If ever a problem and a solution were made for each other, it’s autonomous driving and Artificial Intelligence (AI). Turning the dream of driverless cars into reality means equipping every vehicle with a wealth of sensors and analytical technology. That technology must be able to gather vast amounts of real-time road and in-car data, process it instantly, and make the right driving decisions based on highly advanced algorithms — AI at its finest.
The risks and rewards in this area are huge. Removing humans from behind the wheel could save hundreds of thousands of lives a year: nearly 1.25 million people worldwide are killed in road crashes annually. The US Government estimates that over 90 percent of crashes are caused by human error — such as driving too fast, misjudging other drivers’ behaviors, or driving poorly due to alcohol impairment, distraction, or fatigue.
But if the new autonomous technology fails, lives are at stake. That’s why research organizations like the RAND Corporation estimate driverless vehicles may need billions of miles of autonomous driving data to prove their reliability, potentially putting the rollout of fully self-driving cars years or even decades away.
It’s a mistake to see AI-based vehicle safety as all-or-nothing. As every driver knows, plenty of car manufacturers are already including advanced safety technology to support the human driver — such as forward-collision warning, auto-braking systems, and more — that are decreasing accident numbers.
Using Actionable AI-Based Insights to Save Lives
This is where AI companies like Silicon Valley-based Nauto come into their own. Nauto has developed an intelligent driver safety system that combines dual-facing cameras, computer vision, deep learning–based technologies, and proprietary algorithms to gauge how drivers interact with the vehicle and the road ahead.

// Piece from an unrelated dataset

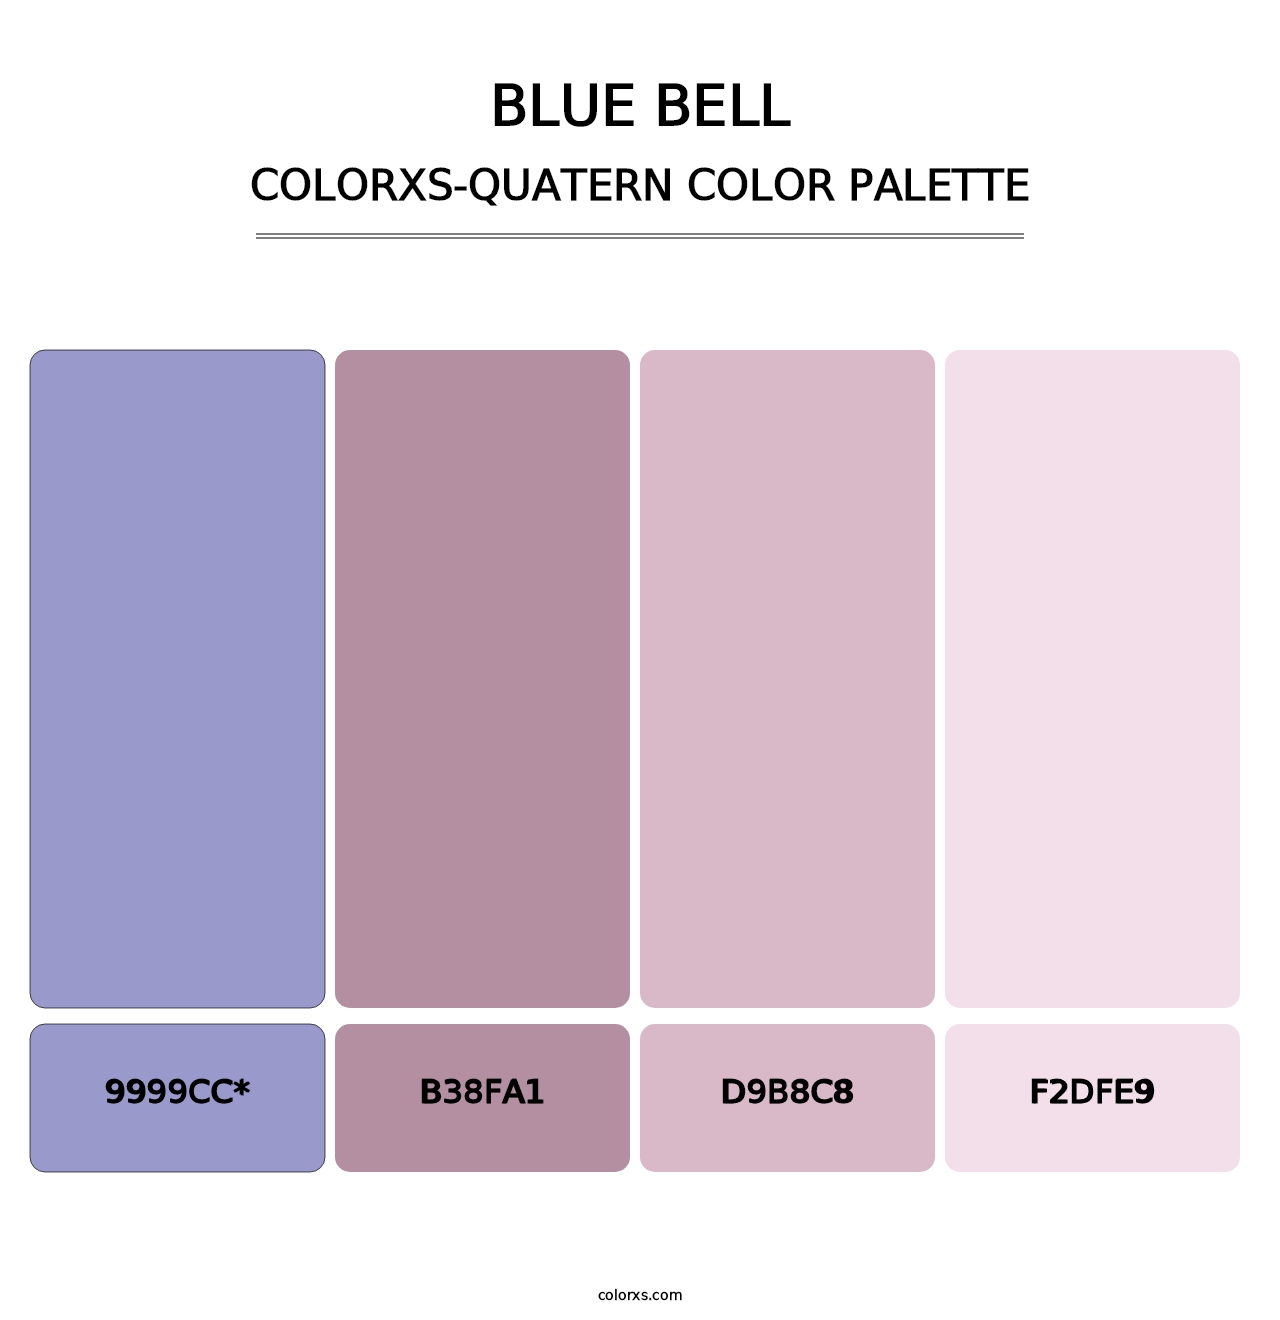 Blue Bell - Colorxs Quatern Palette

From this, Nauto provides actionable insights that alert drivers when risky behavior is present. In particular, the system enables commercial car fleet managers to identify and coach high-risk drivers to reduce distracted driving, prevent collisions, and save lives. Even more importantly, Nauto’s AI-powered data platform offers key insights that can be used to model and train autonomous systems.
To achieve this, Nauto faced its own tech challenge: finding the right back-end system to process and make petabyte-scale data available for machine learning. The company chose the Qubole data platform to meet its data processing and availability needs.
Nauto has to integrate as much real-time driver, vehicle, and road information as possible. They must rapidly use this data to develop new algorithms and product feature sets to serve customers. The scale is significant because Nauto is in over 250 fleets worldwide. Their platform detects safety events ranging from hard-braking collisions to distracted driving and tracks information related to those events.
Managing Critical Driver Data with Qubole
To manage this data volume, Nauto has migrated to Qubole’s scalable, cloud-based data platform and plans to complete its global rollout of Qubole during 2019. Qubole is accessed by Nauto’s team of DevOps and data engineers, as well as business users. Nauto uses tools such as Apache Spark, Presto, and Amazon SageMaker to cleanse and prepare datasets, run analytics, and build and deploy machine learning models.
Qubole has helped Nauto’s data scientists become more productive. Previously, engineers spent many hours conducting data cleanup, maintenance, and management, including manual spreadsheet-based data processing to tune algorithms. Qubole has largely automated these processes and cut the time required to provide actionable insights from one to two weeks to two to three days — a five-fold improvement. This means Nauto’s data scientists can focus on ‘productionalizing’ algorithms and providing customers with valuable insights.
Using Presto on Qubole, Nauto’s engineers can also productionize algorithms much faster by testing them against all of its disparate customer data assets, rather than a subset. Qubole’s holistic view of data means products are deployed faster, and with better quality. Nauto’s time to develop new products has been cut from one year to two to three months.
As Lei Pan, Nauto’s Director of Engineering for their Cloud Infrastructure, said: “Qubole makes our data engineering team much more productive. Our data engineering team moved away from doing routine maintenance and management work to focusing on serving our customers’ needs and road safety.”
The Future of Autonomous Driving
Nauto has fully exploited the opportunities offered by AI to combat distracted driving and other risky behavior. It’s a deadly problem: nearly 3,500 people in the US were killed in crashes involving distracted drivers in 2016 alone.
But as Nauto’s VP of Strategy & Business Operations Jennifer Haroon pointed out last year, Nauto’s focus on analyzing and improving how drivers behave doesn’t just have an immediate effect on car safety. Understanding how all types of drivers — good and bad — behave behind the wheel is a big part of developing safe, effective autonomous vehicles. This is especially important when it comes to unexpected or nuanced situations, like when a driver encounters a road detour or approaches an urban intersection where navigation depends on driver-to-driver eye contact.
Nauto is working with autonomous system developers and other partners to build and share knowledge (anonymized and aggregated) of how the best drivers operate. Powered by Qubole, Nauto’s AI systems are providing this and other high-quality In tdata to train future autonomous driving systems and improve road safety.